■ **Your goal**: Retype the data below exactly; skip every image.

■ **Supplied data**:
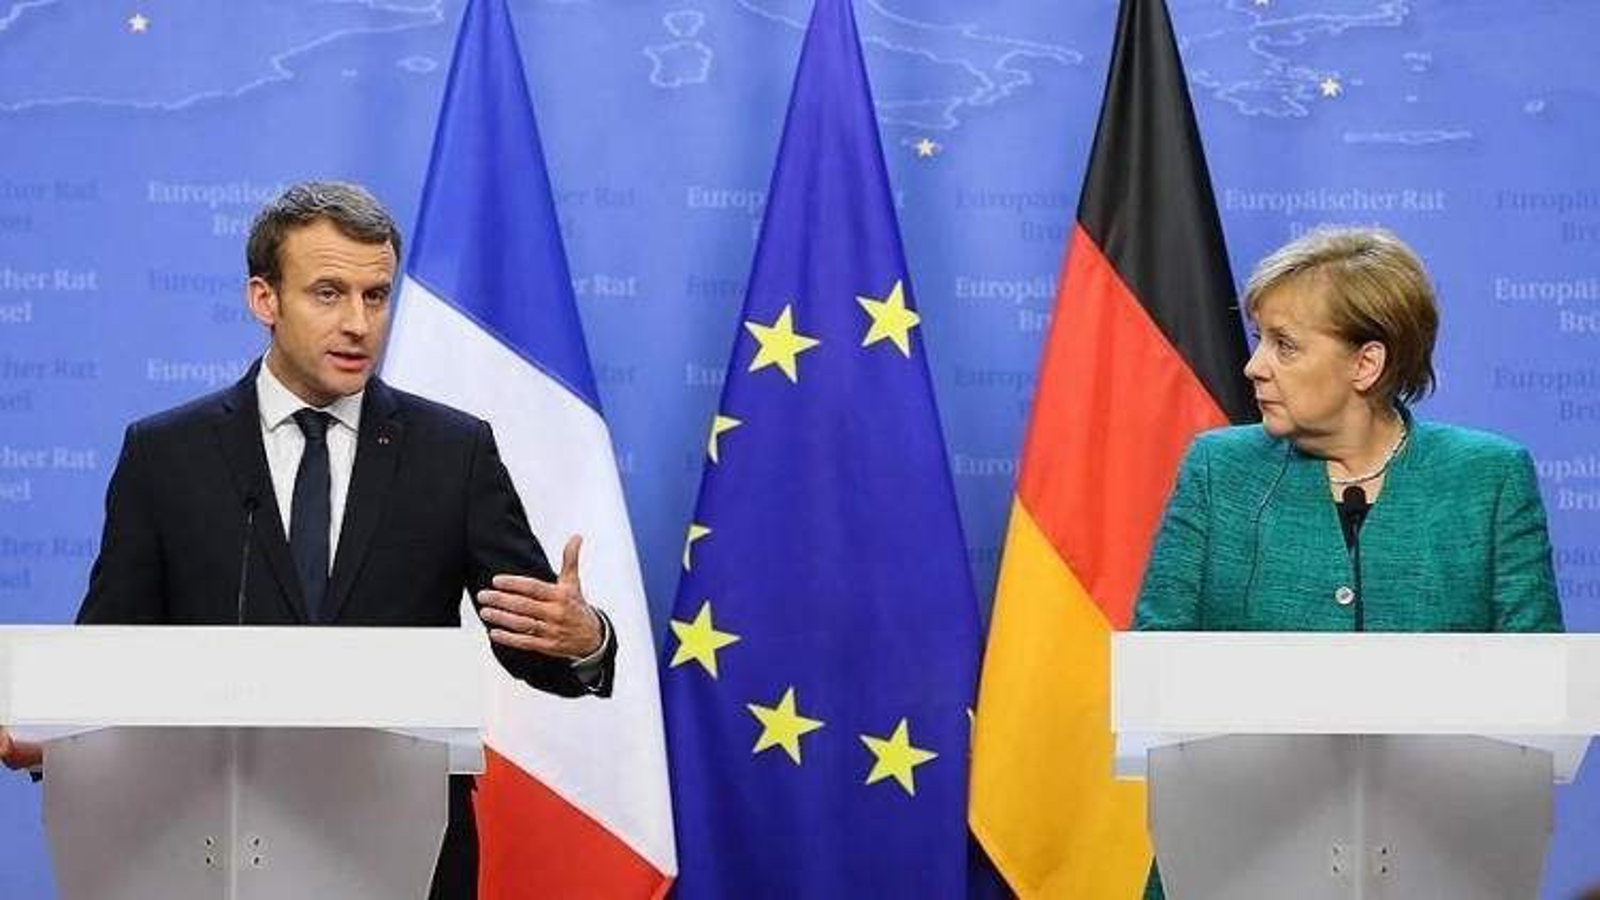 Đức-Pháp cam kết tiếp tục tăng ngân sách quốc phòng, tin tưởng NATO
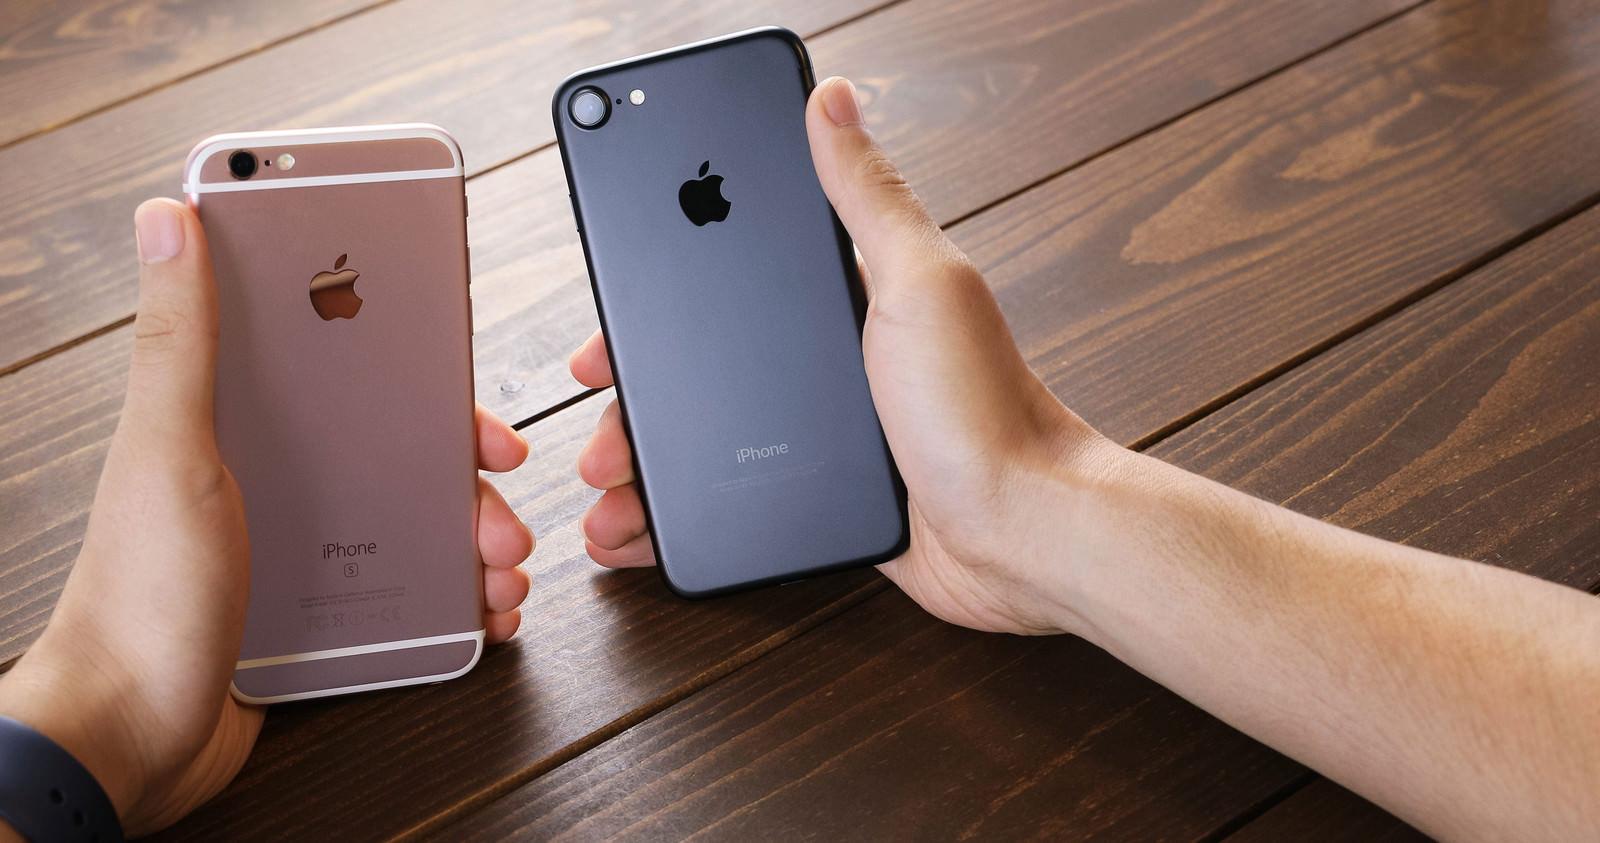 「新しいスマートフォンと実機比較する様子」の写真
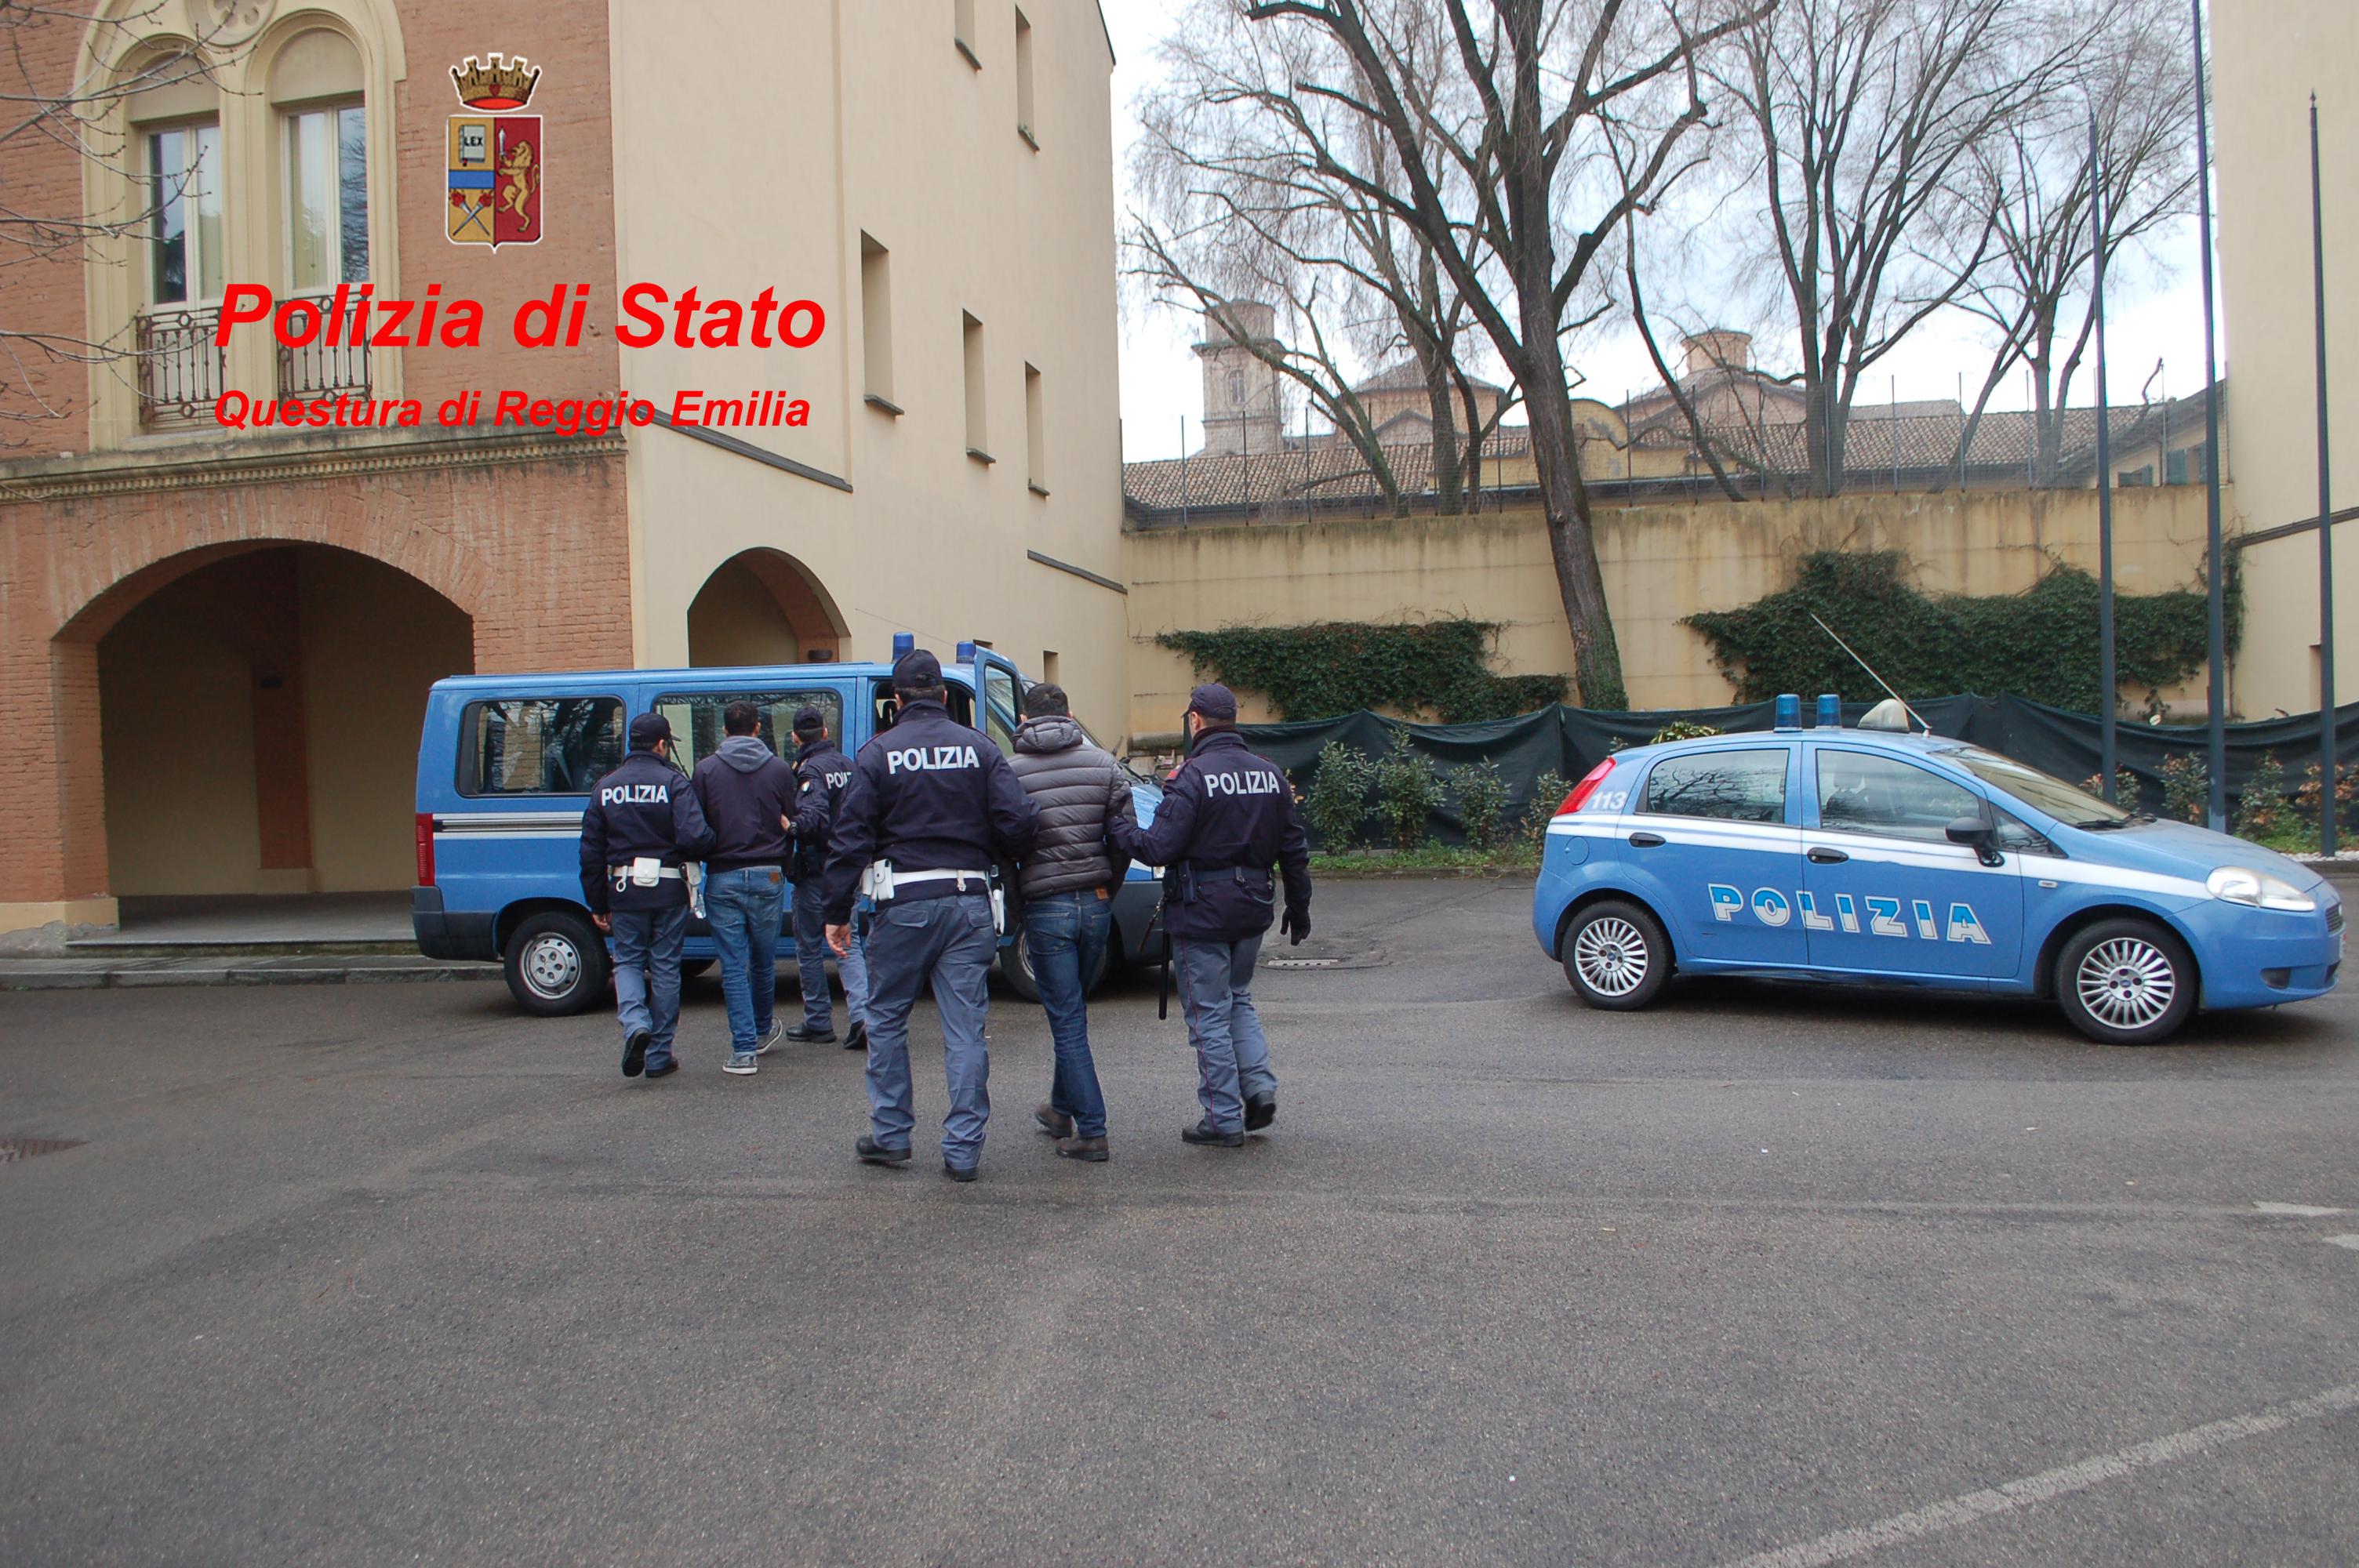 Polizia di stato questure sul web reggio emilia for Questure poliziadistato it stranieri

■ **Completed task**:
 Đức-Pháp cam kết tiếp tục tăng ngân sách quốc phòng, tin tưởng NATO
 「新しいスマートフォンと実機比較する様子」の写真
 Polizia di stato questure sul web reggio emilia for Questure poliziadistato it stranieri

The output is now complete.